> Entries supplied
^^^^
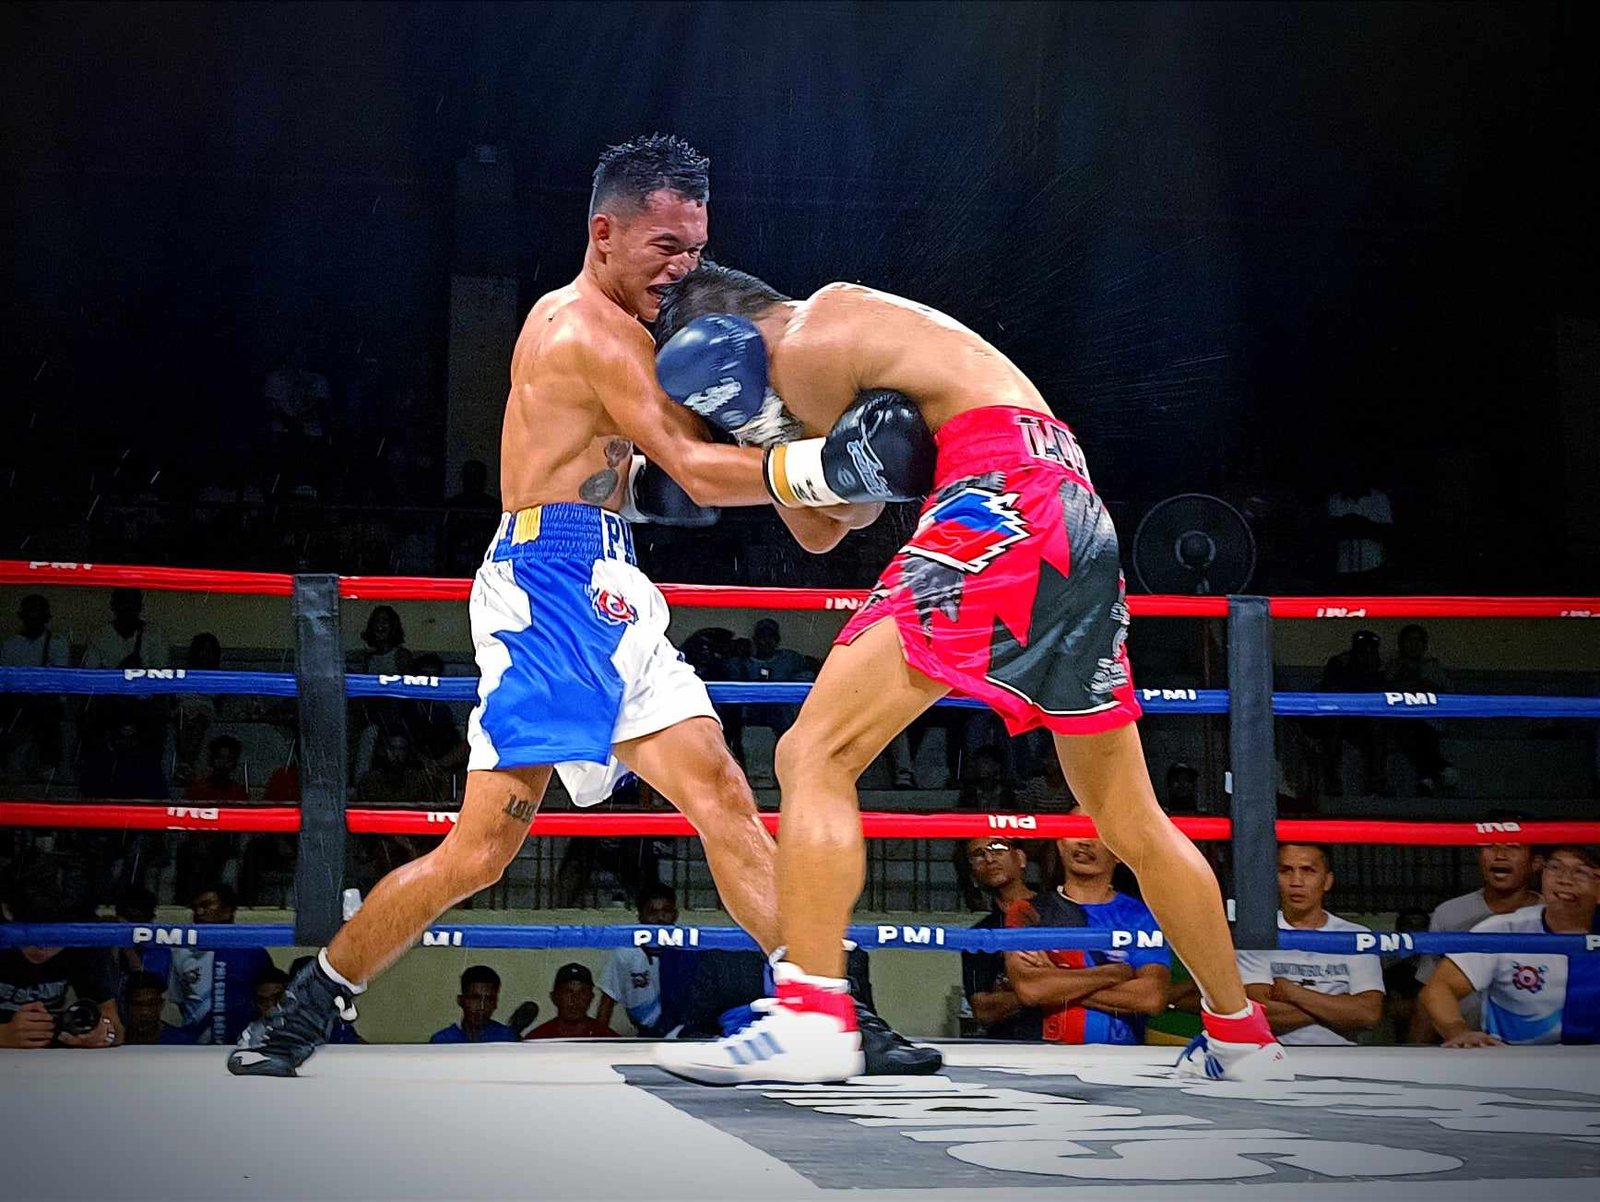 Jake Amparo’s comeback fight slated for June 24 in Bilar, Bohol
^^^^
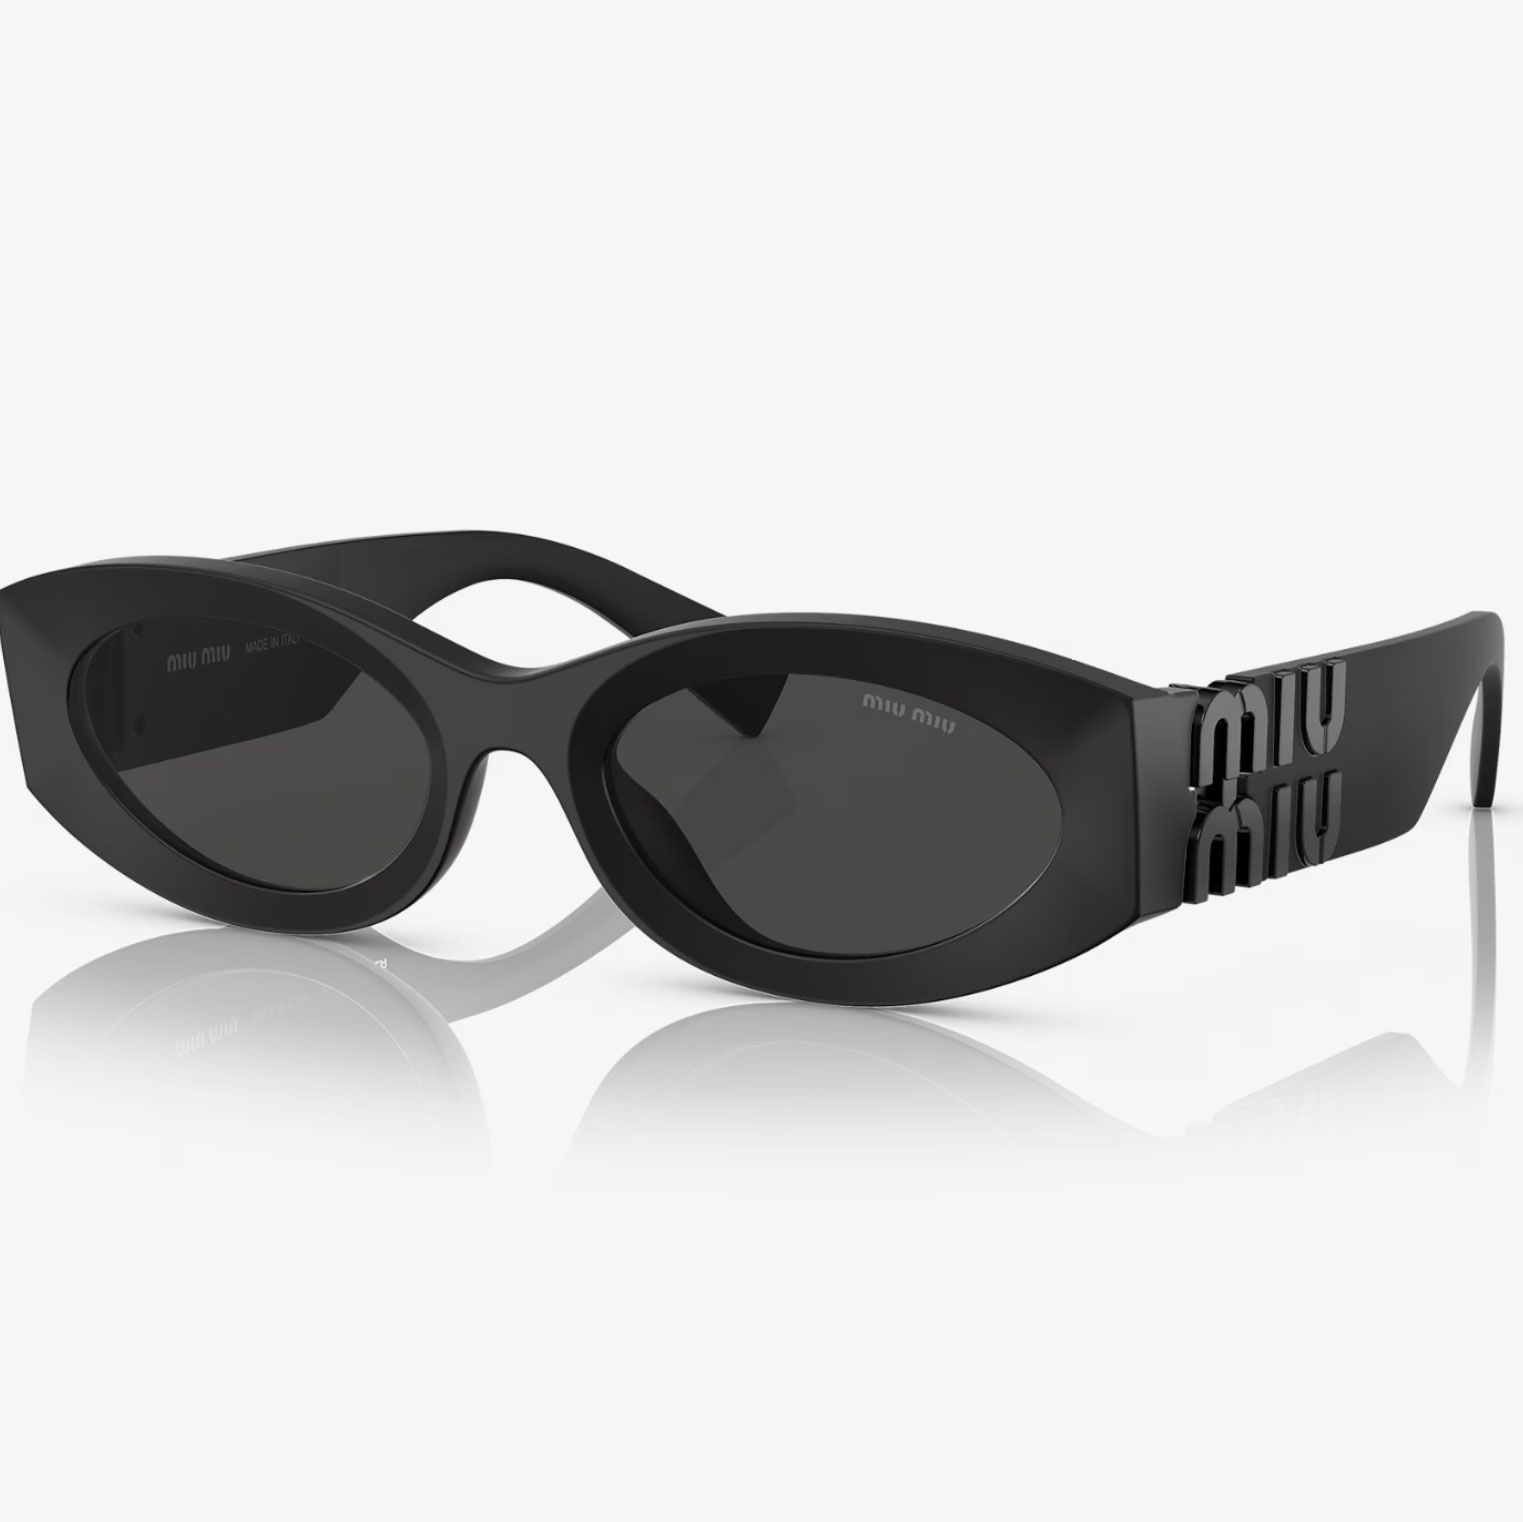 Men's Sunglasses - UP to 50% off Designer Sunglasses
^^^^
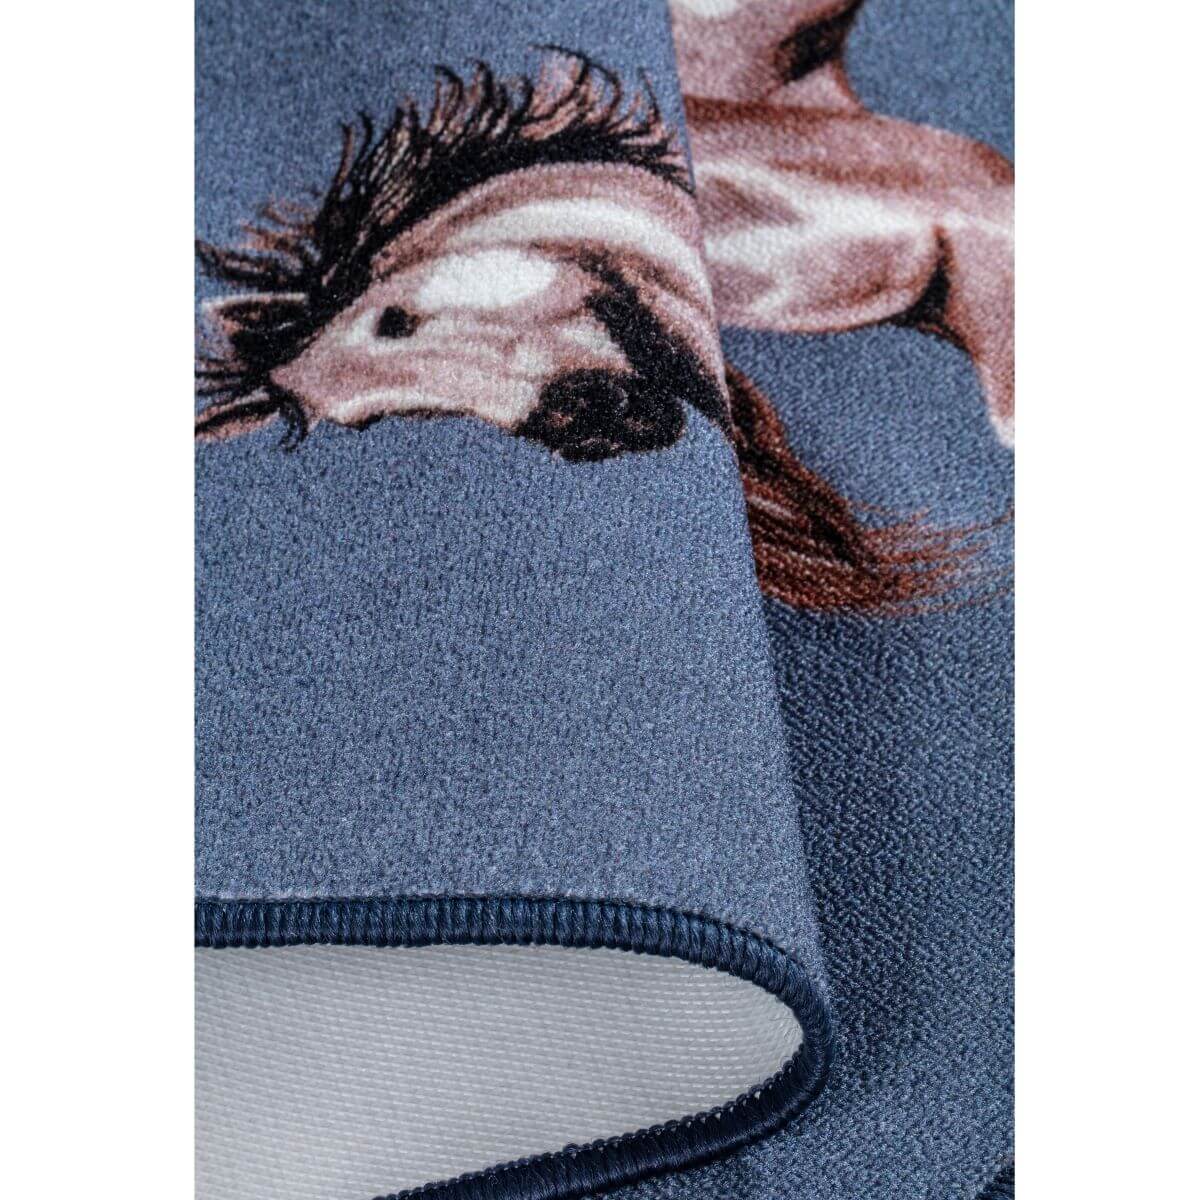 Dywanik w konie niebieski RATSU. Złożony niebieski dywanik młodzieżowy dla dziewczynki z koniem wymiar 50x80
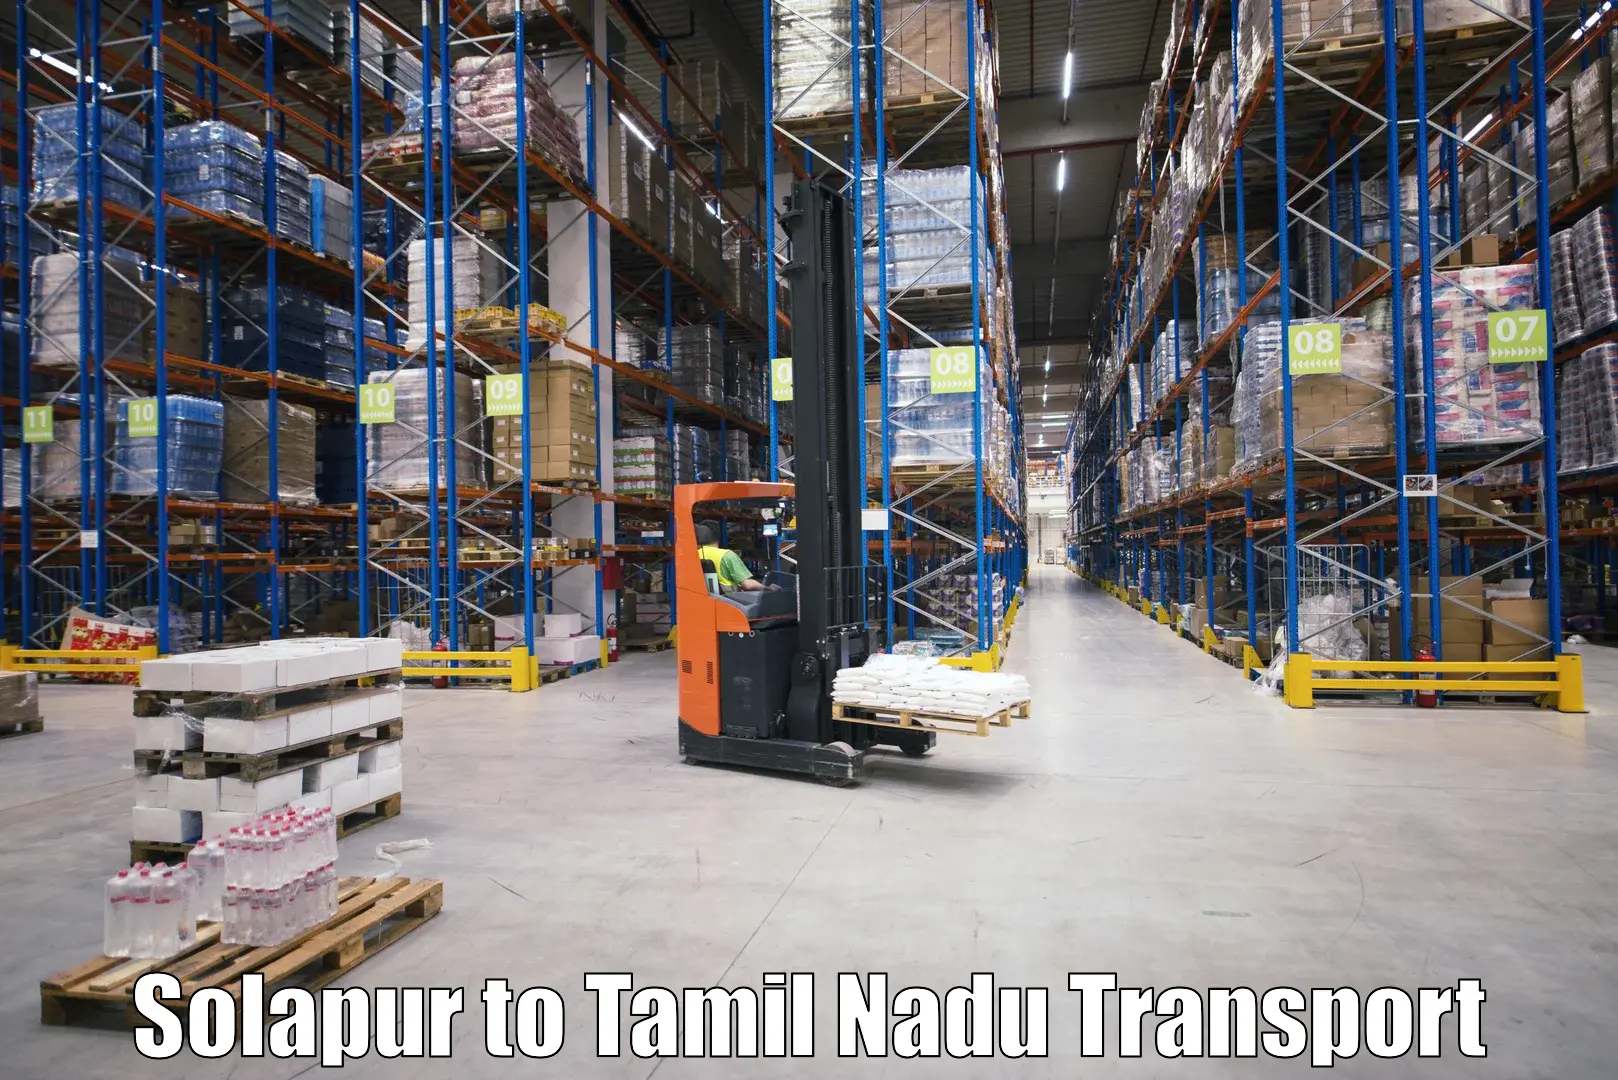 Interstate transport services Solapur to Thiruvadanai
^^^^
> What you should do
All lines above from the one containing "Dywanik w konie" up to and including the one containing "Interstate transport services" are to be set down exactly, and nothing else. Leave images out.

> Response area
 Dywanik w konie niebieski RATSU. Złożony niebieski dywanik młodzieżowy dla dziewczynki z koniem wymiar 50x80
 Interstate transport services Solapur to Thiruvadanai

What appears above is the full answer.